鉄道 JR飯田線「水窪駅」下車、車で20分で造林地到着
東名高速道路「袋井IC」から国道152号を経て1時間30分で造林地到着
  • 水との関わり

    水窪町地域の簡易水道は3つの施設からなり、その1つである水窪簡易水道は水源林造成事業地である瀬戸野沢造林地を含む瀬戸野沢山を水源の一つとしています。水窪町内で簡易水道を生活用水として利用しているのは1,026戸2,422人に及び、その96%の水が水窪簡易水道から供給されています。

    かつては、雨による増水で水が濁り、冬は渇水・パイプの凍結と大変不便でしたが、今では水源林の森と共に簡易水道も整備され、水の心配をすることがなくなり、綺麗な水が安定的に供給されています。また、水源林の美林が生み出した水は水窪川や気田川となり太平洋に向かって流れ下り、やがて天竜川の豊富な流れへとつながり、天竜川下流域をも支えています。

    ”ココ”の特色

    水窪町は、静岡県の西北部、浜松市の最北端に位置し、古い林業の歴史を持っています。また、海から内陸へと物資が運ばれる「塩の道」ともいわれた信州と遠江を結ぶ信州街道の宿場町として古くから栄えました。町の基幹産業は山であり、町の面積の96%が森林で占められています。人の住むところは僅かであり、町並みの背後に急峻な山が連なっています。

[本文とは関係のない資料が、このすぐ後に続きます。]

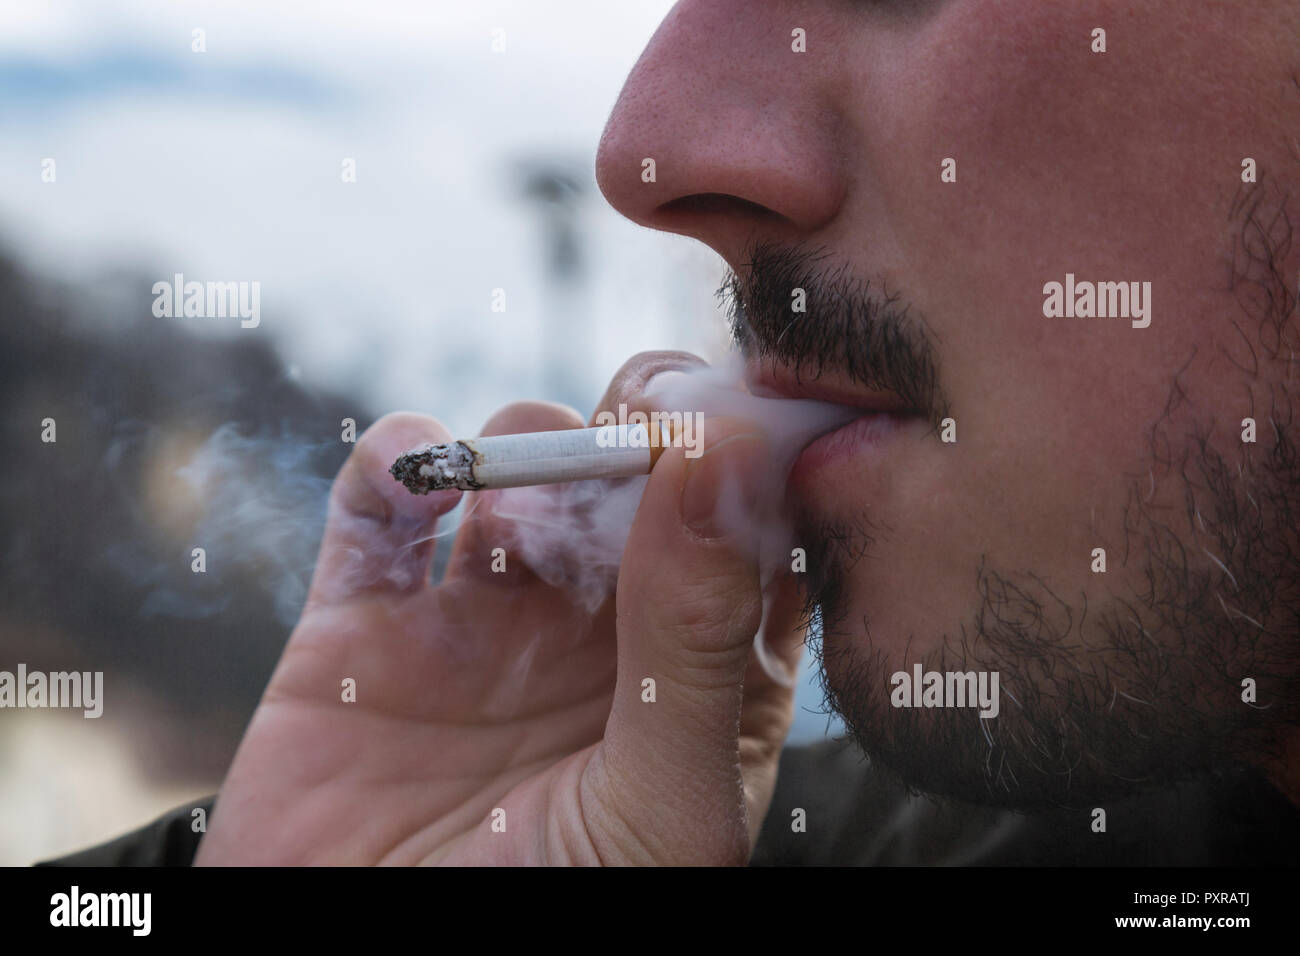 Detail of smoker, cigarette and smoke Stock Photo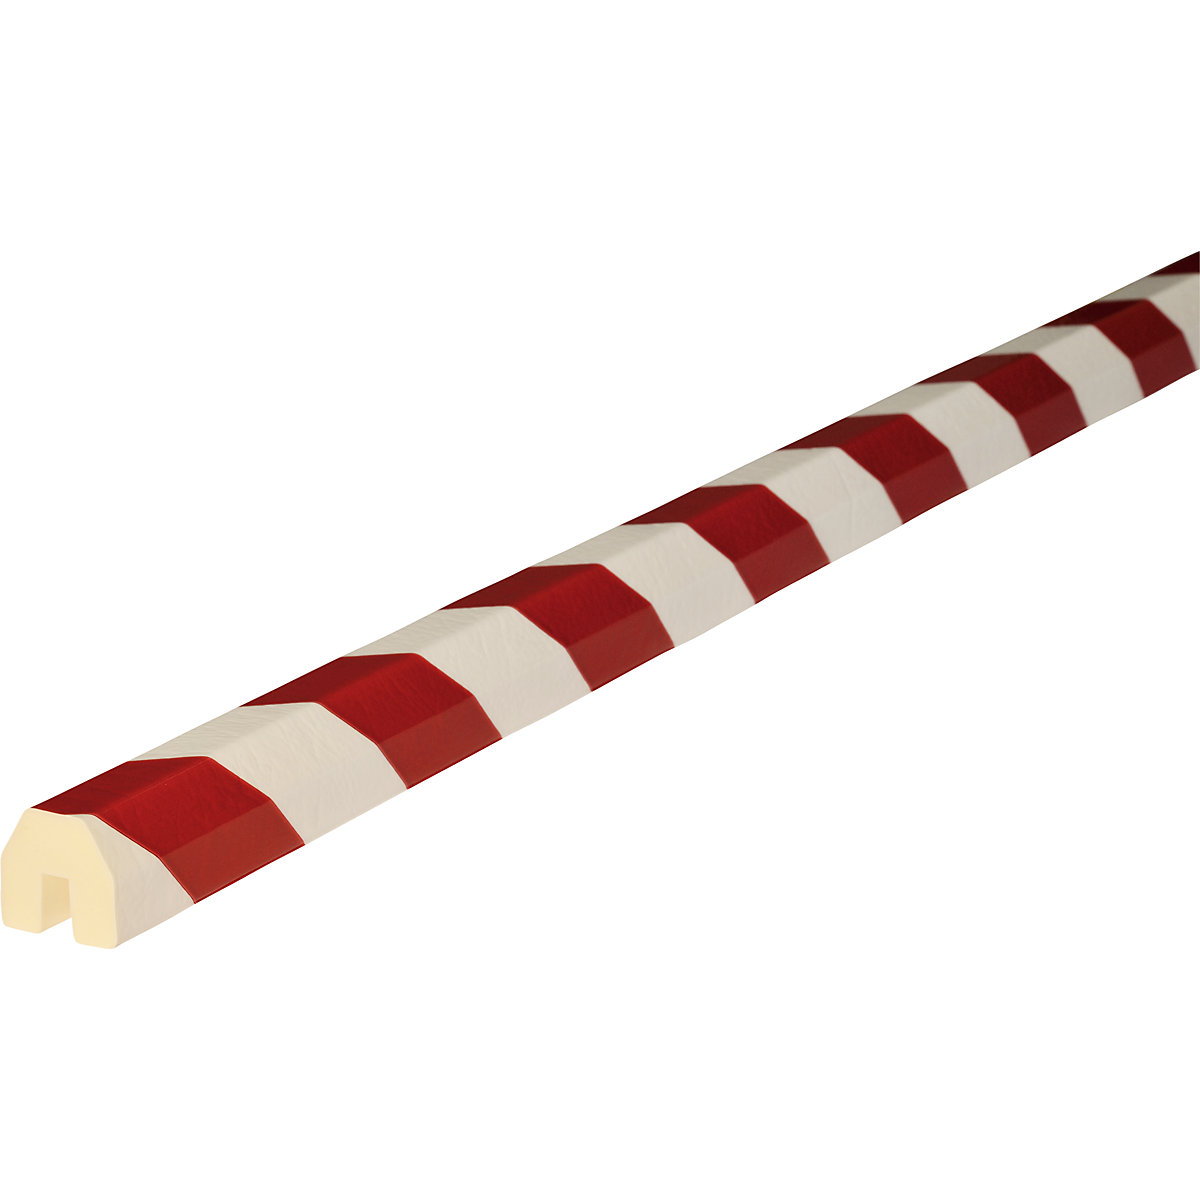 Knuffi®-randbescherming – SHG, type BB, stuk van 1 m, rood/wit-17

    水窪町の造林へのかかわりは古く、徳川家康が武運長久を祈願して刀剣二振りを奉納したという山住神社の宮司が、元禄9年にスギとヒノキの苗木36万本を熊野から船で運び、造林した記録が残っています。

    戦後の経済復興のため、その古くからの森は荒廃し、木がなくなった急峻な山に土砂崩壊が起こりました。その急峻な奥山の一つである瀬戸野沢山に昭和41年から当時の森林開発公団(当時)が植林を行い、今では、水の供給、土砂崩壊防止と水源涵養機能を十分に発揮する森林となりました。

    間伐・生物害防除(熊ロープ)の実施状況の写真
    間伐・生物害防除(熊ロープ)の実施状況
  • 過去から現在そして未来へ

    植栽当時と現在(平成23年)の比較写真

    現在(平成23年)

    昭和41年~スギ・ヒノキなど約33万本の苗木を105haに植栽しました。現在は間伐の適期を迎え、計画的に間伐を実施しながら、急峻な地形のため併せて歩道整備にも取り組んでいます。今後も森林の持つ多面的機能を高度に発揮させるため、間伐等の森林整備を進めていきます。

関係者からのメッセージ

水窪町森林組合業務部長 鍬下勝夫さんの写真

~手を掛けて未来へも続く水~

水窪町森林組合業務部長 鍬下勝夫さん

瀬戸野沢山周辺は大変急峻な地形です。その急峻な山道を苗木を背負って1~2時間と上がるのは本当に容易ではありませんでした。また、笹が密集していたため、地拵・植付・下刈等の作業は困難を極めました。特に地拵と下刈作業は現在のように刈払機もない時代ですから、手刈で作業するため苦労しました。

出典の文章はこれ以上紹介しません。